=== Begin Enclosure ===
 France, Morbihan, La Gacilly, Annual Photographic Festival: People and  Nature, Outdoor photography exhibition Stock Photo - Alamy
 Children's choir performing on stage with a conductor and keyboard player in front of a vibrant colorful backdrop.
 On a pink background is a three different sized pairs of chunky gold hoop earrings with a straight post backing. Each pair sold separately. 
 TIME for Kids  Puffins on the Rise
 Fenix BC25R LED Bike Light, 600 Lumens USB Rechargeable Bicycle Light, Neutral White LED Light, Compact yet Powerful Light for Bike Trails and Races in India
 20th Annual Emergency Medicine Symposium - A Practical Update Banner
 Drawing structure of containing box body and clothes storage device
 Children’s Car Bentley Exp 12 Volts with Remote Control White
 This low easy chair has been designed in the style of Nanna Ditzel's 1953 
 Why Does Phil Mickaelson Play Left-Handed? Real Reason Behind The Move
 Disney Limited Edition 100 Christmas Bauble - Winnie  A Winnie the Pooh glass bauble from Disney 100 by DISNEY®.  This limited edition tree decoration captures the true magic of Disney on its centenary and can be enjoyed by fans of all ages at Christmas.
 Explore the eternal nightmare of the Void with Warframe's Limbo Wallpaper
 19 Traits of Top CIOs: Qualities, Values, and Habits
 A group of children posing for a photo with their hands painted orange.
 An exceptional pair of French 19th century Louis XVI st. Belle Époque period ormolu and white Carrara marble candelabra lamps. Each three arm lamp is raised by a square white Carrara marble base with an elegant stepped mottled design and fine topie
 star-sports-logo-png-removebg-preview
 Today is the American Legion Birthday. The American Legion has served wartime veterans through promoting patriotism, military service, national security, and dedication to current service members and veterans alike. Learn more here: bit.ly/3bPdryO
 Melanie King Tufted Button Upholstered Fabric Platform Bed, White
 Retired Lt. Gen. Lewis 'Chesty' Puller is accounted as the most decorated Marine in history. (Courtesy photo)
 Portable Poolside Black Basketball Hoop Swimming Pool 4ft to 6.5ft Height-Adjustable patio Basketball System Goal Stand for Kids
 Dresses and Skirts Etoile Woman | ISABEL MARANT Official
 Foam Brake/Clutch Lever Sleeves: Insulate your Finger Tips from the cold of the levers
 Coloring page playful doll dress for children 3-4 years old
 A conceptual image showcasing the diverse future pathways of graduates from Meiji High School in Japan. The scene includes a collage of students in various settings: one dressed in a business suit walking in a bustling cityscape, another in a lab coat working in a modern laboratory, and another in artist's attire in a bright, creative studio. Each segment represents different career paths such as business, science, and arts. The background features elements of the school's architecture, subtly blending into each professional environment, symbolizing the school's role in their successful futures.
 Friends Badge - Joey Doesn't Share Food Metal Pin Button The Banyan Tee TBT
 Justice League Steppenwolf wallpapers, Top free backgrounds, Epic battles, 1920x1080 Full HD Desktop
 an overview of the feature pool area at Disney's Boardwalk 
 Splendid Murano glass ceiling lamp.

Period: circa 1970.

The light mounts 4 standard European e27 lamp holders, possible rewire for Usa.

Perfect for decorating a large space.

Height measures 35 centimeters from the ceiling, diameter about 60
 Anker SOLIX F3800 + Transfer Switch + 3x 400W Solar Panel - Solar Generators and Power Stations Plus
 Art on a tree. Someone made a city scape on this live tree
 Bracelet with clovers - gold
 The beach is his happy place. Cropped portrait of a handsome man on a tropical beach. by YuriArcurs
=== End Enclosure ===
* [TASK INSTRUCTIONS]
In the listing above, how many lines include the word "ceiling"? Answer with the number and nothing more.

* [THE ANSWER]
2